-
Notifications
You must be signed in to change notification settings - Fork 9
Description
Enhancement Request: Cumulative Token Usage Tracking Across Evaluation Runs
Currently, the Evaluation class's run_dataset method accurately tracks and returns token usage for a single evaluation run. However, when run_pipeline in the 5cs evaluation instrument orchestrates multiple Evaluation instances (one for each prompt_type), the token usage from each individual run is not aggregated. This means that while run_dataset might abort if its max_tokens capacity is exceeded, there's no overall capacity limit enforced across the entire run_pipeline execution. The max_tokens parameter passed to Evaluation is applied independently to each category's run, rather than cumulatively across all categories. This can lead to unexpected higher total token consumption than intended for a complete pipeline execution.
Proposed Enhancement
Modify the run_pipeline function to accept and enforce a cumulative max_tokens limit across all evaluation categories. This would involve the following:
Initialization: Initialize a total_accumulated_usage (e.g., a TokenUsage object or similar structure) at the beginning of the run_pipeline function.
Propagation: Pass this total_accumulated_usage to each Evaluation instance, allowing the Evaluation instance to update it. Alternatively, each run_dataset call could return its accumulated_usage, which run_pipeline then adds to total_accumulated_usage.

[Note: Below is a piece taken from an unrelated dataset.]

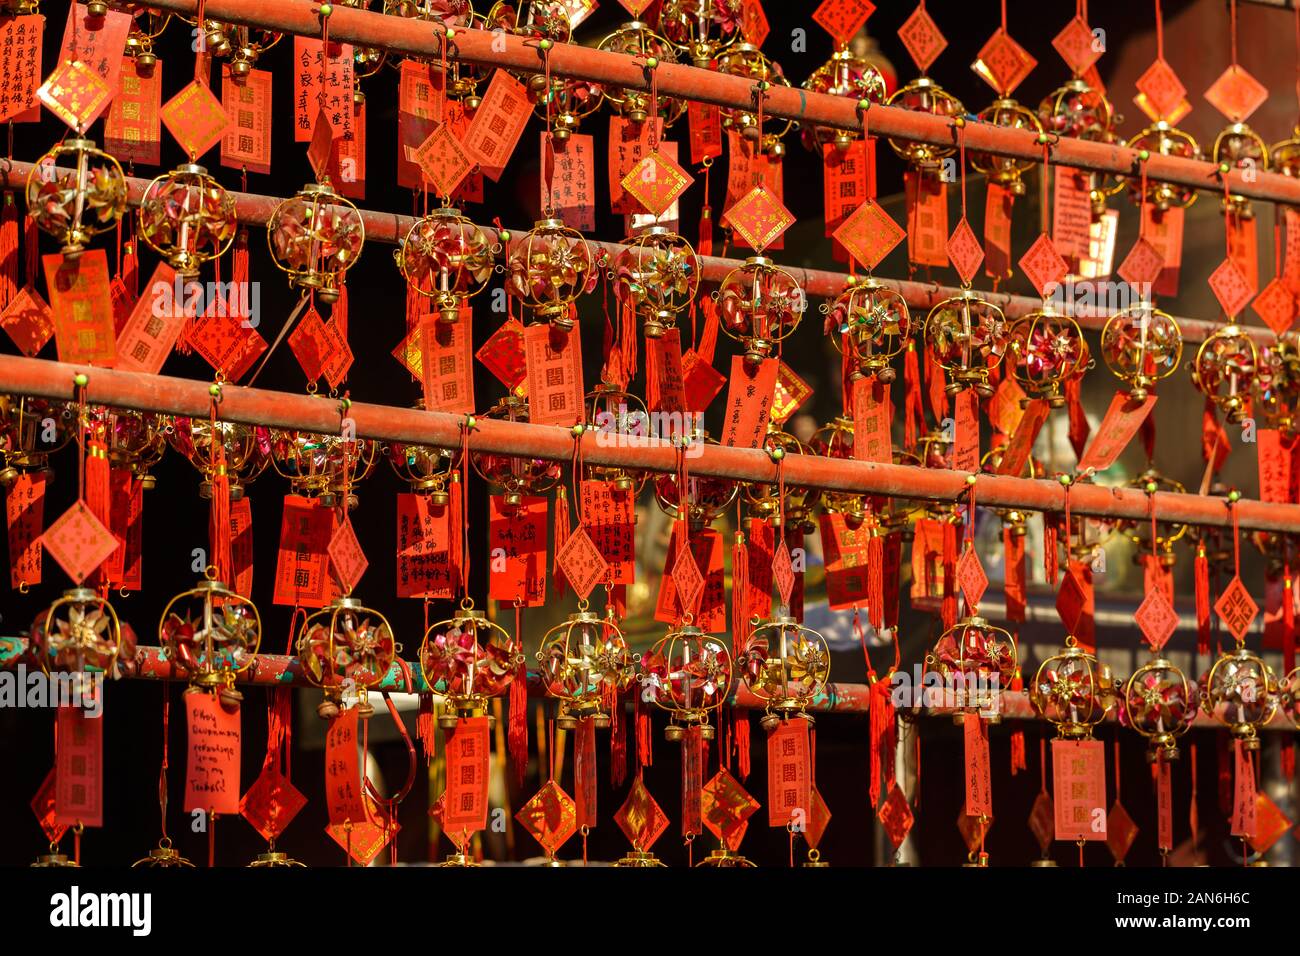 Red colored prayer cards at A-Ma temple. All lined up in rows and hanging on bars. The cards are artistically decorated with bells. Stock Photo

Capacity Check: After each evaluator.run_dataset call within the loop, run_pipeline should check if the total_accumulated_usage has exceeded the pipeline's overall max_tokens limit.
Early Termination: If the cumulative limit is exceeded, run_pipeline should log a warning and break out of the loop, similar to how run_dataset aborts individual runs.
Return Value: The run_pipeline function should also return the total_accumulated_usage alongside the aggregated_output.